ARK sold 135,152 Coinbase shares, amounting to $12 million, from its ARK Innovation ETF.
This sale represented 0.14% of the fund’s total holdings.
The move comes as the price of Coinbase stock experienced a sharp increase, briefly surpassing $90 on July 11 before closing at $89.
This is the second time this year that Wood has taken profits from Coinbase shares. In March, ARK sold 160,887 shares for $13.5 million.
However, prior to these profit-taking moves, Wood’s firm had been actively accumulating Coinbase stock in various ARK funds. In June alone, ARK purchased about $40 million worth of shares.
In previous months, they had bought around $33 million in April and May, as well as $117 million in March.

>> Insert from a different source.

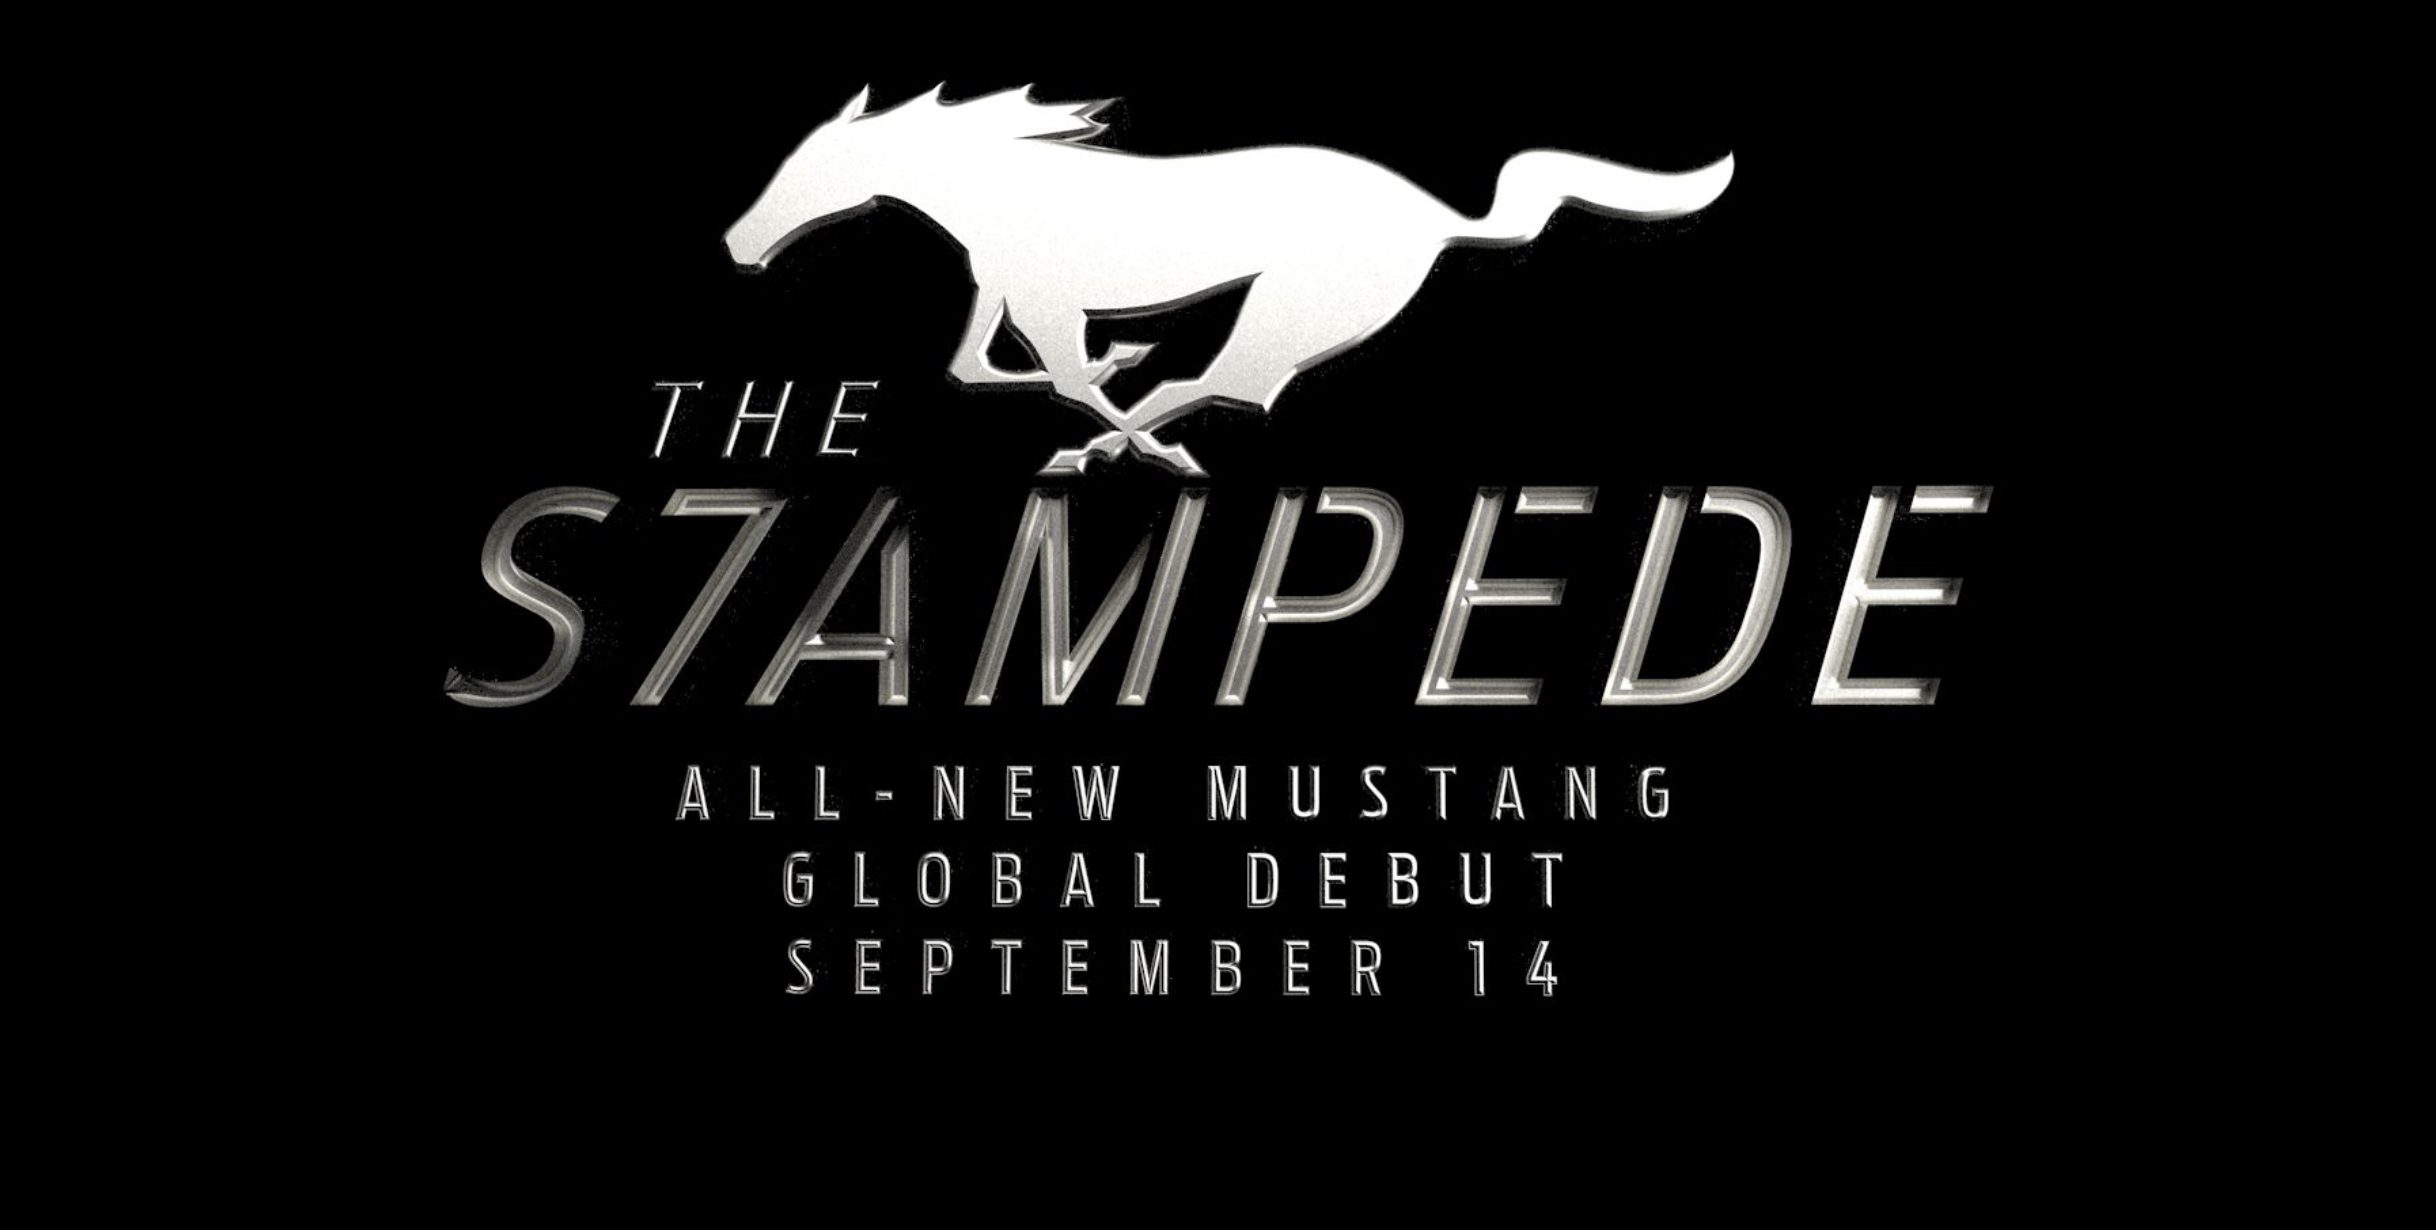 Ford's Mustang Stampede launch

Coinbase executives have also been selling their shares amid the price rally. CEO Brian Armstrong and other senior executives sold a combined total of 88,058 shares worth $6.9 million on July 6. In June, Coinbase’s chief accounting officer, Jennifer Jones, sold 74,375 shares, netting $5.2 million.
Despite facing a securities violation lawsuit from the U.S. Securities and Exchange Commission, Coinbase’s stock has been performing well.
The growth can be attributed to the anticipation surrounding the BlackRock spot Bitcoin ETF filing, where Coinbase was named a “surveillance-sharing” partner.
Overall, Wood’s decision to take profits from Coinbase shares reflects a calculated move to lock in gains.
While the cryptocurrency exchange continues to face legal challenges, its stock price has surged over the past month, increasing by more than 60%.
Wood’s active participation in accumulating Coinbase shares earlier this year indicates her belief in the long-term potential of the company.
As the cryptocurrency market and related investments evolve, market participants will continue to closely monitor the developments surrounding Coinbase and its role in the growing crypto ecosystem.